A Reuters report cited unnamed sources, asserting that the drug maker is looking for a buyer. The very likely reason is the termination of the deal between itself and Sanofi SA (ADR), a marketing partner for the former's Afrezza drug.
It suggested Mannkind will get the selling rights back over the next three to six months, with a finalized deal no later than July 4.
CEO Matt Pfeffer was not available to comment.
In addition to the setback in the sales of Afrezza (human insulin), the company has faced other problems. Its chief executive resigned in November 2015, compelling former CFO Matt Pfeffer to take over.
In an interview with The Times, he said the company is looking for new distribution partners, as well as changing the sales policy for Afrezza, adding that the company is looking at markets outside the US. He did not provide any insight into the sale of the company.
It is time the drug maker stops relying overwhelmingly on Afrezza. It has other assets, including inhalable drug technology, that could rescue sales and revenue. Besides this, the company is also in the process of developing inhalable epinephrine, for the treatment of allergic reactions.
In 2006, Pfizer Inc Exubera was approved in the formulation of inhalable insulin, but upon entering the market, failed, owing to poor safety, dosage, and price factors, costing the company $2.8 billion.
Pharma giants were not able to develop insulin inhalers. This was all while the chairman of Mannkind spent a decade, plus $1 billion, on the approval of Afrezza. The drug was rejected twice, due to safety risks.
SANOFI AND MANNKIND DEAL
The drug maker had an accord with French drug company Sanofi, in August 2014, for the marketing of Afrezza. In 2014, Sanofi agreed to pay $925 million for the rights and distribution of Afrezza. The sale of the drug came in at a paltry $5 million in the first nine months of last year, falling terribly short of its target.
On January 5, 2015, the stock tumbled 50%, with an average downtrend of 67% over the last three months, inclusive of Tuesday’s decline, due to the termination of the deal.
In a conference call, CEO Matthew Pfeffer said: “This is not the end of the line for Afrezza or MNKD by any means.”
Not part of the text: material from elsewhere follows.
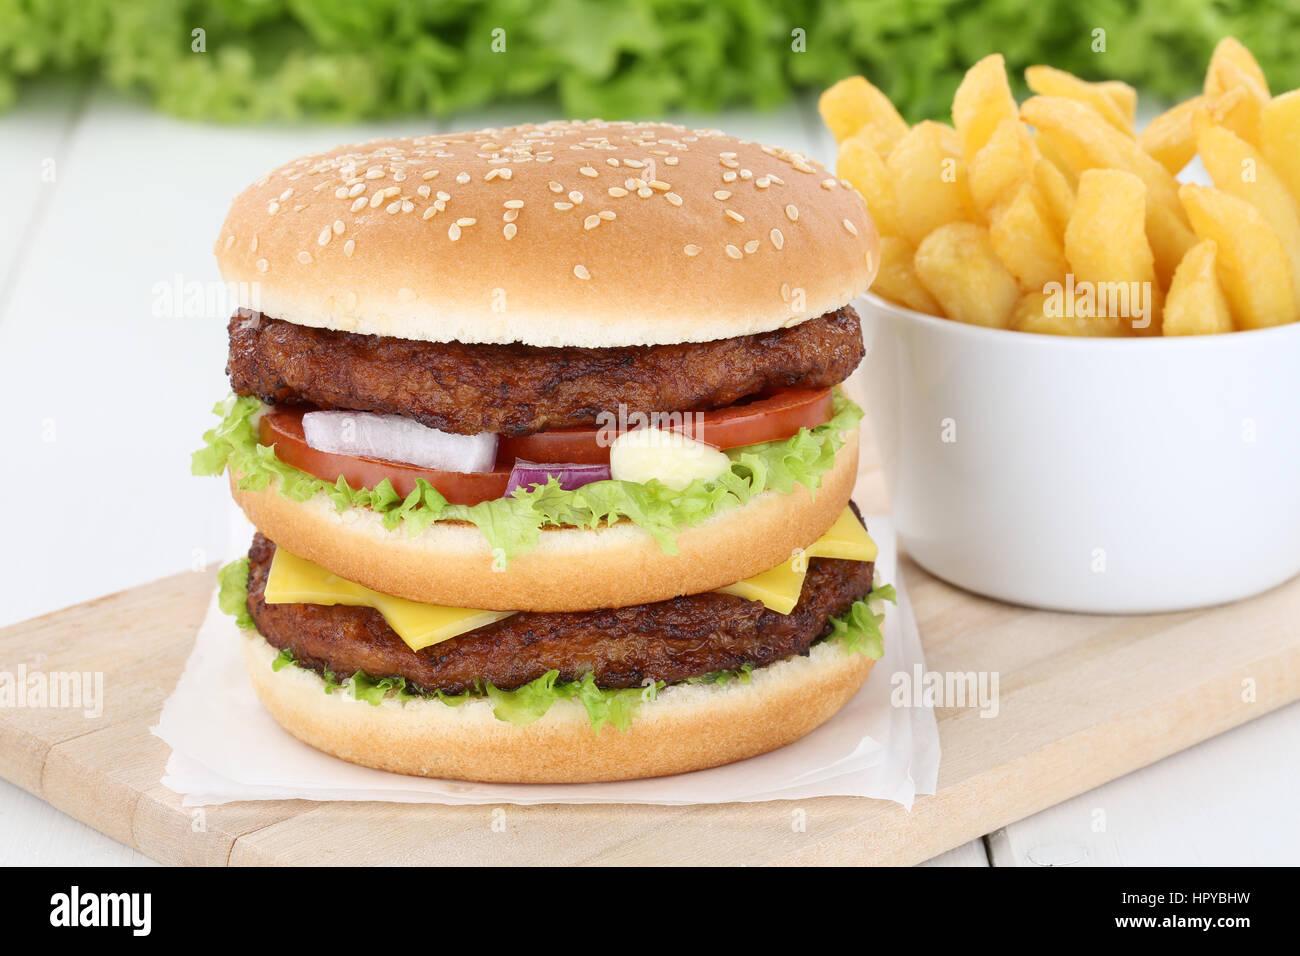 Burger double hamburger accompagné de frites fromage laitue tomates mauvaises Photo Stock

Now that Sanofi is out of the picture, and MNKD has resumed full control of the drug, it needs to address its price, since Sanofi was marketing it at a premium level.
In addition, the company has to educate both, doctors, and patients, of Afrezza's mode of action, since it belongs to a different class of drugs, with enhanced benefits.
The drug maker must also engage in spreading awareness regarding the inhaled insulin method within the diabetic population. The intake process is revolutionary, since most diabetics take insulin via needles. Sanofi did not adopt this intake process, and therefore failed to rake in sales as excepted.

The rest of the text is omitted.